Your answer must match the records word for word and contain no pictures.

┏━━

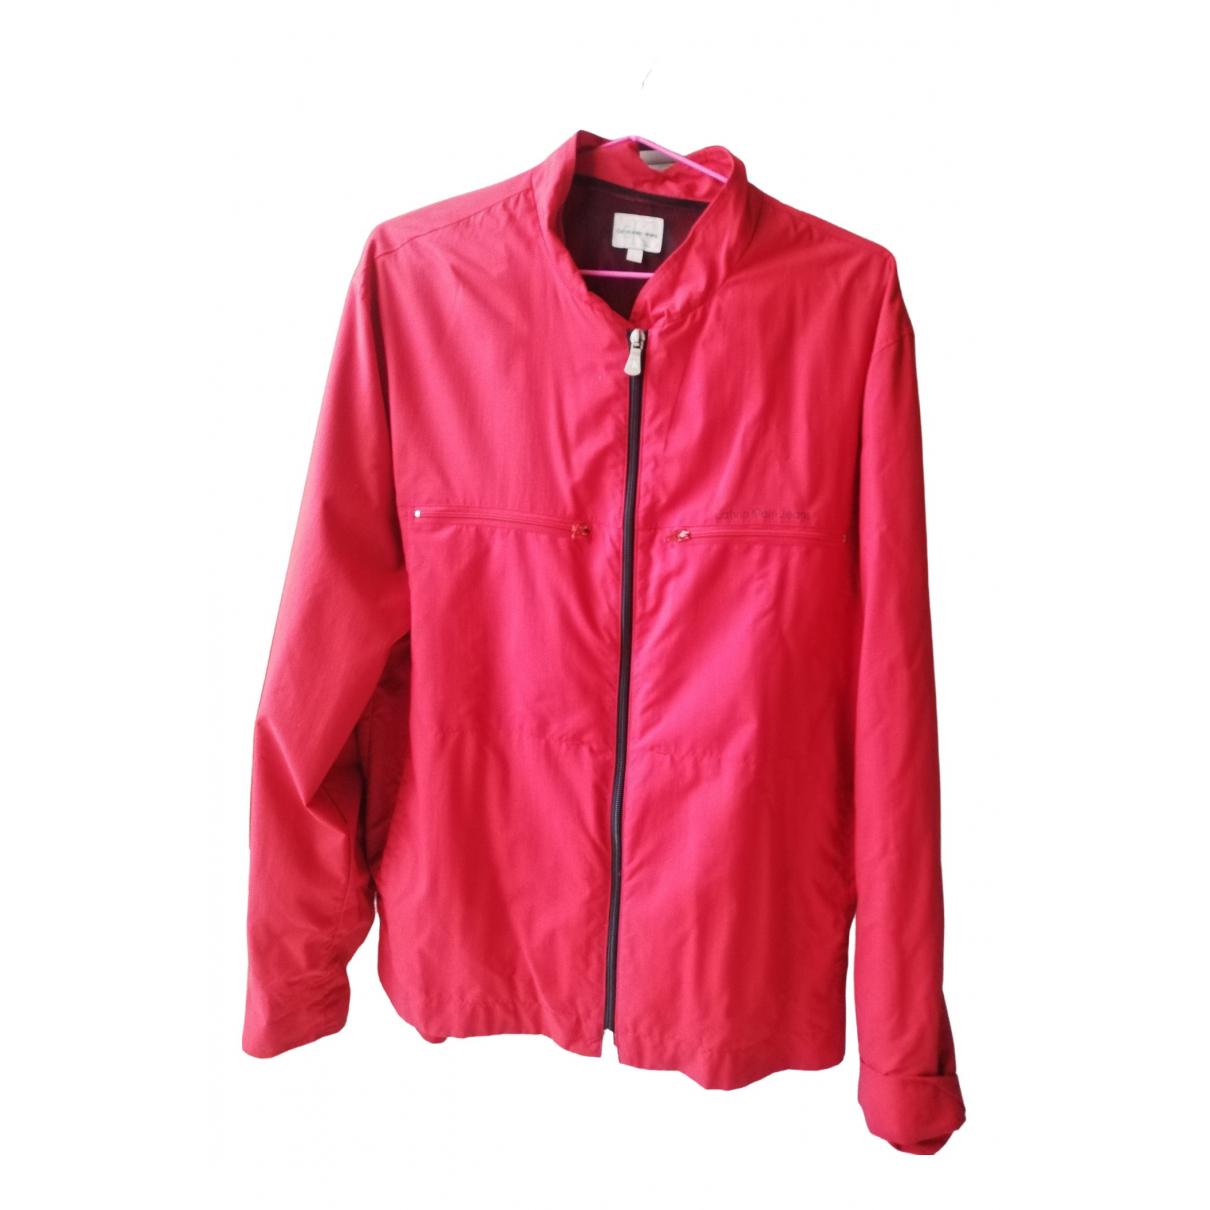 Calvin Klein \N Red jacket  for Men L International
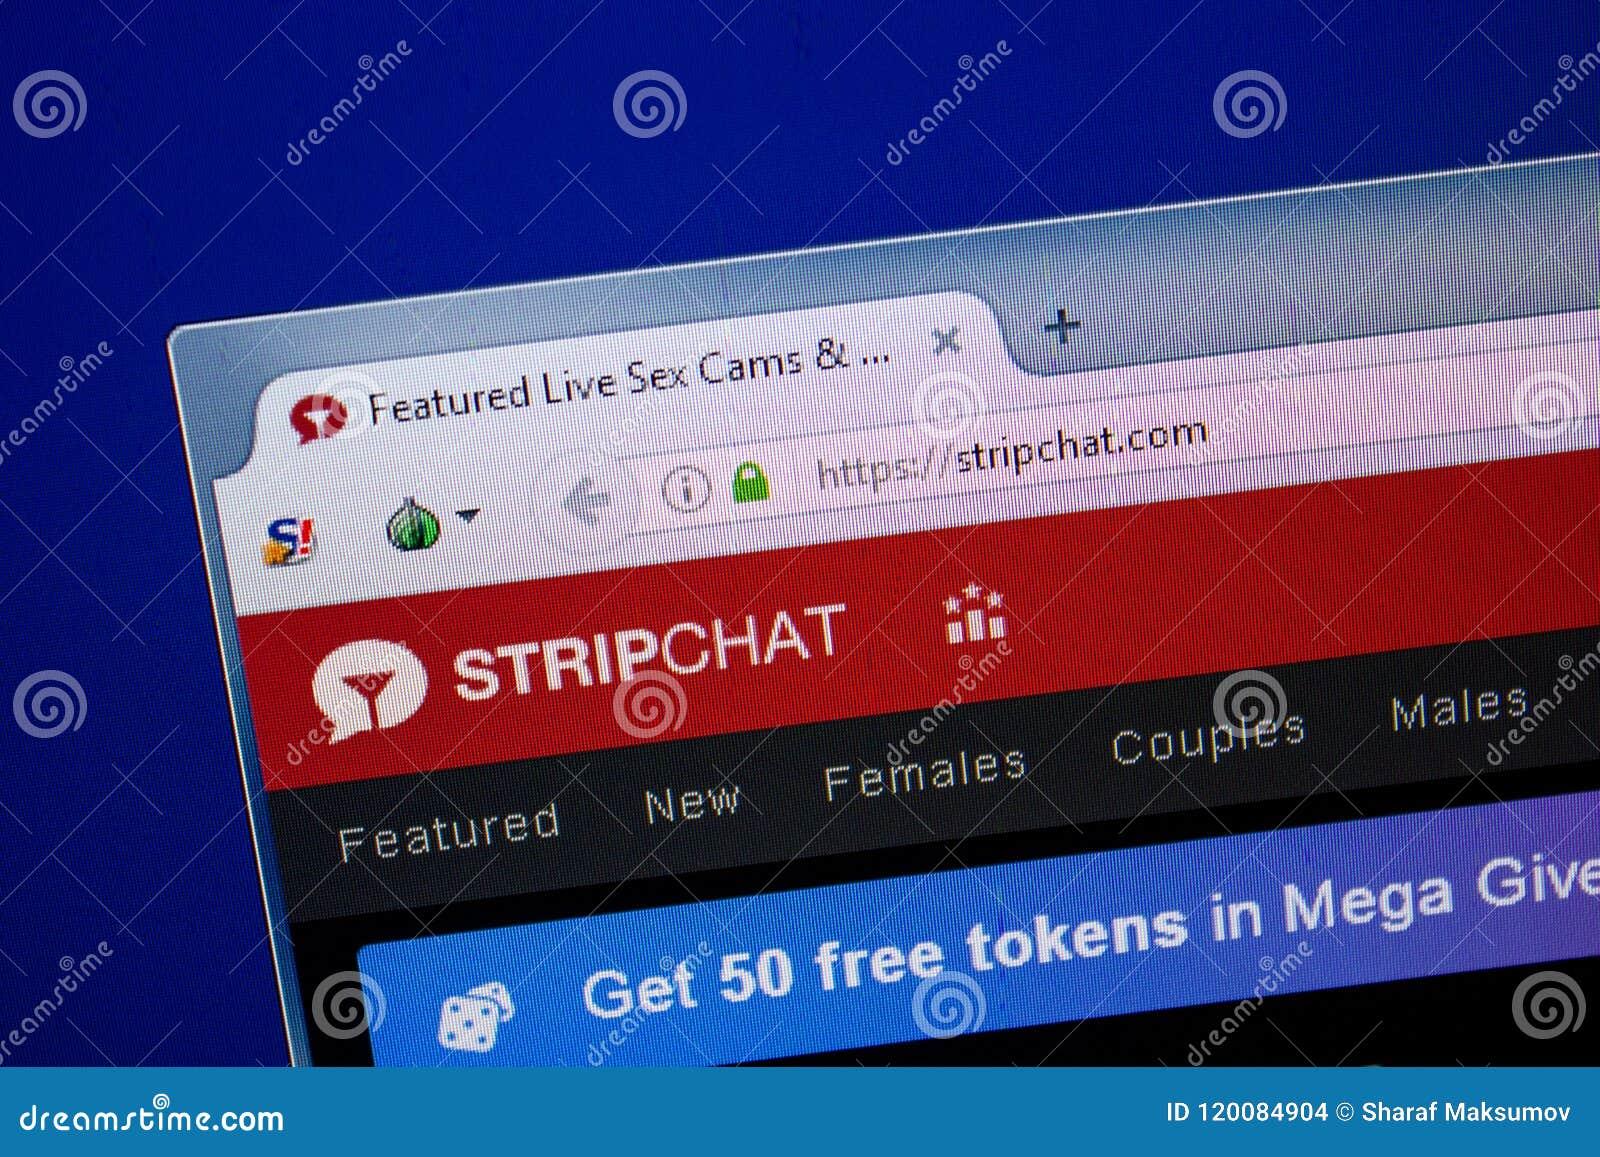 Stripchat Com
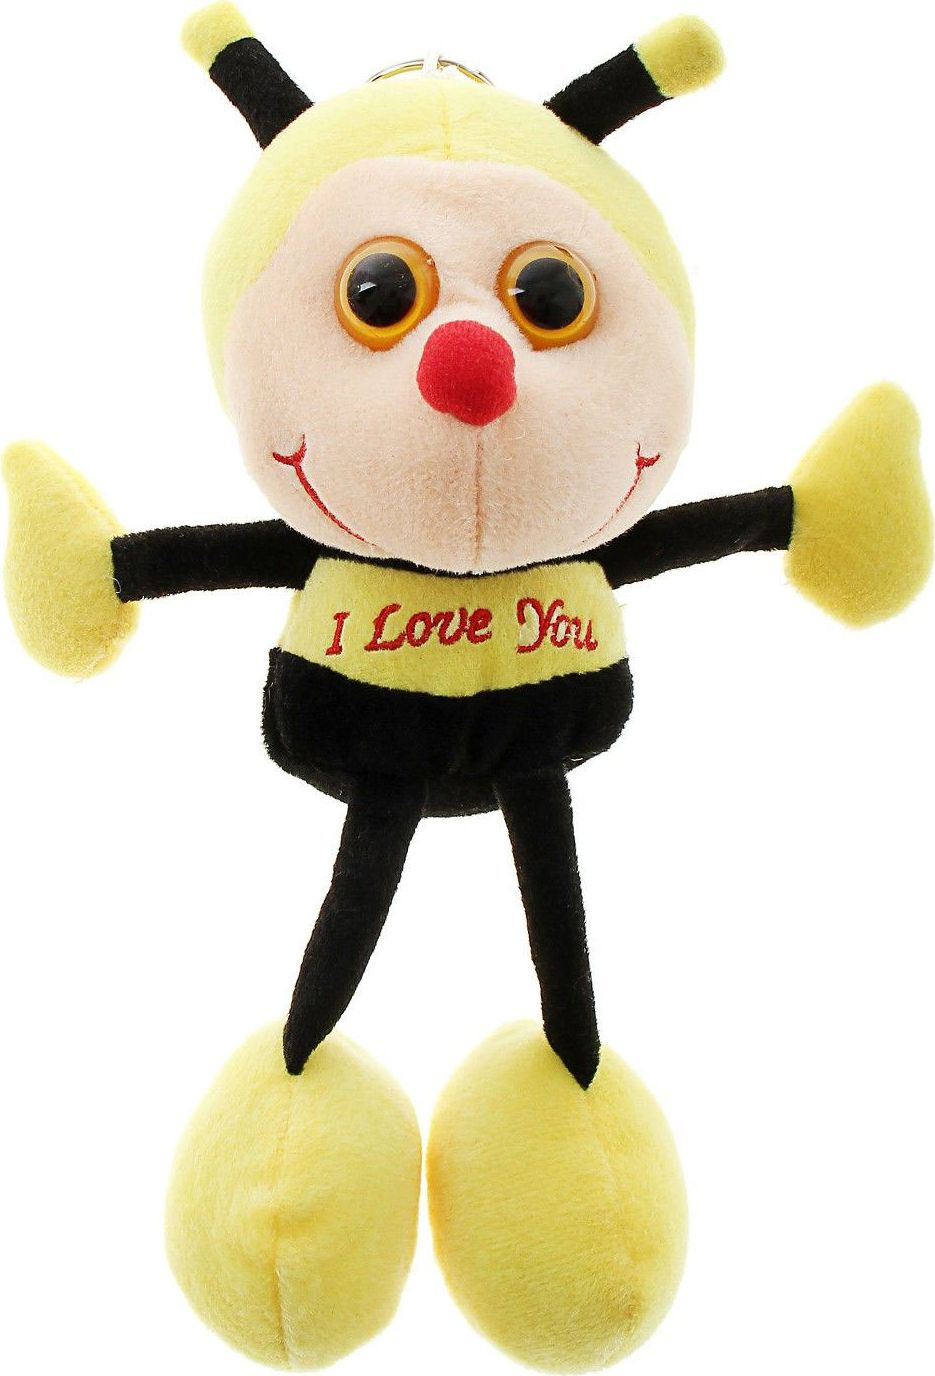 Sima-land Мягкая игрушка Пчелка с вышивкой на груди фонтант sima land летняя прохлада колодец
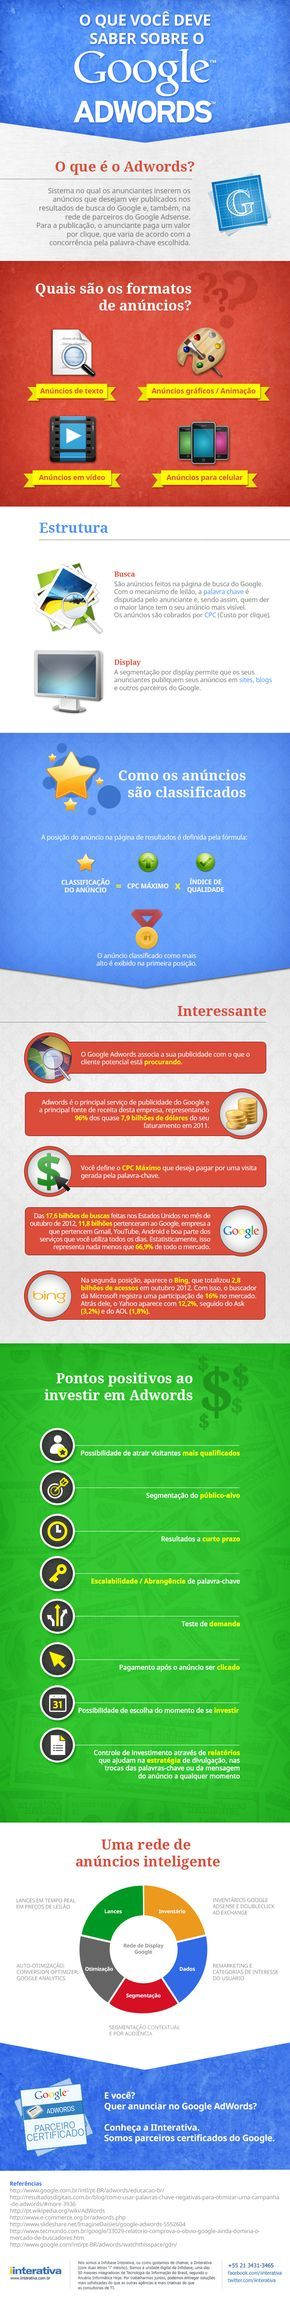 Descubra como funciona o Google Adwords. #SocialMedia #Adwords #infographic                                                                                                                                                     Mais
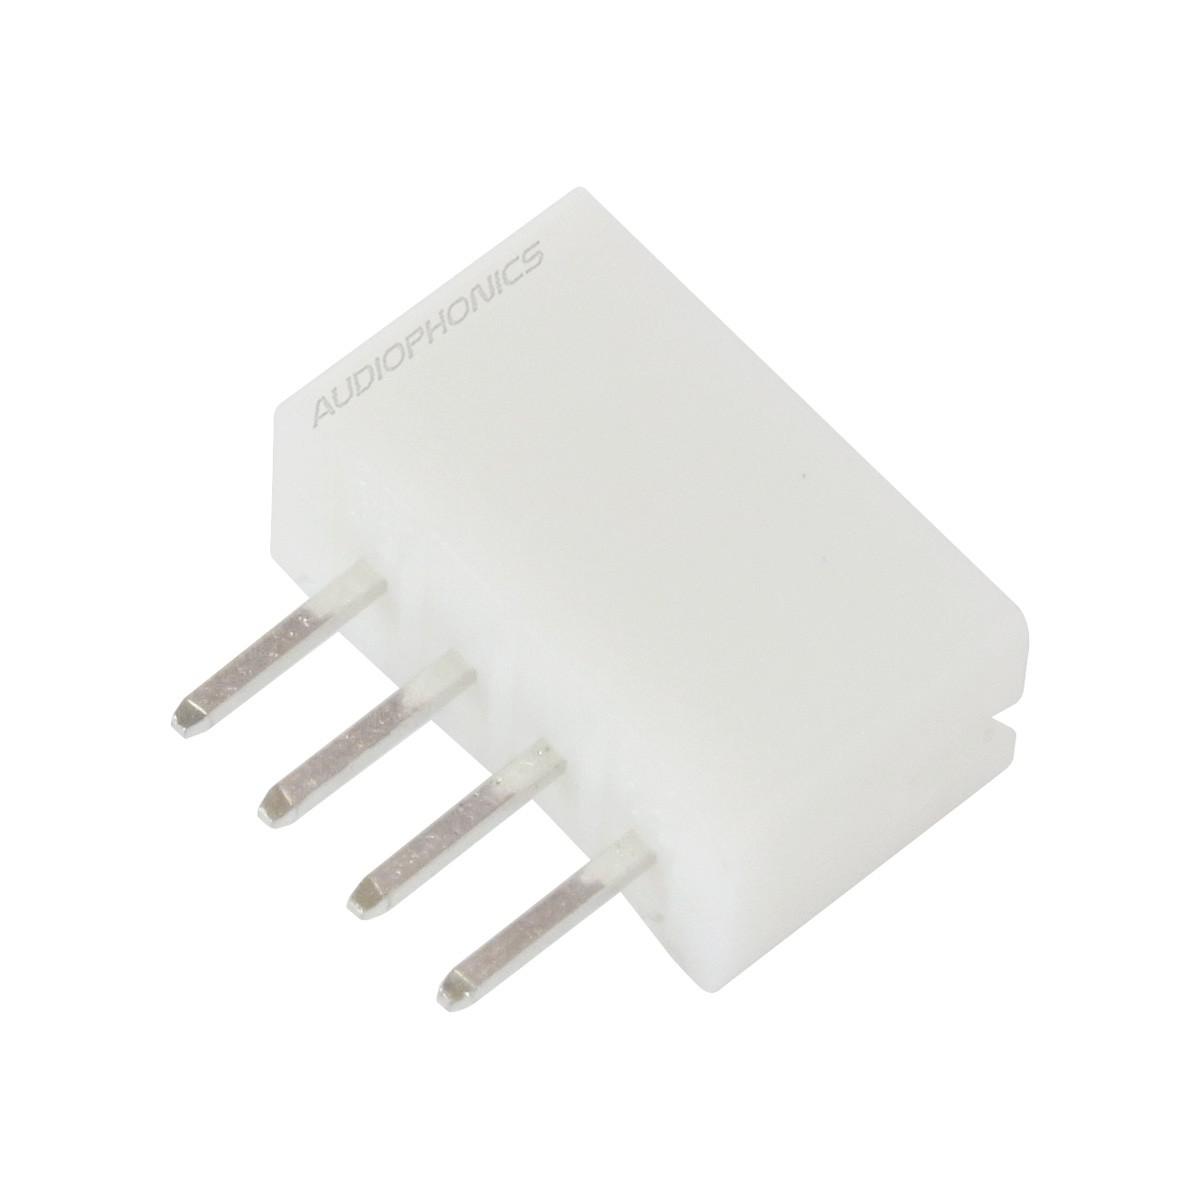 PH 2.0mm Male Socket 4 Channels White (Unit)

┗━━

§ **RESULT**:
 Calvin Klein \N Red jacket  for Men L International
 Stripchat Com
 Sima-land Мягкая игрушка Пчелка с вышивкой на груди фонтант sima land летняя прохлада колодец
 Descubra como funciona o Google Adwords. #SocialMedia #Adwords #infographic                                                                                                                                                     Mais
 PH 2.0mm Male Socket 4 Channels White (Unit)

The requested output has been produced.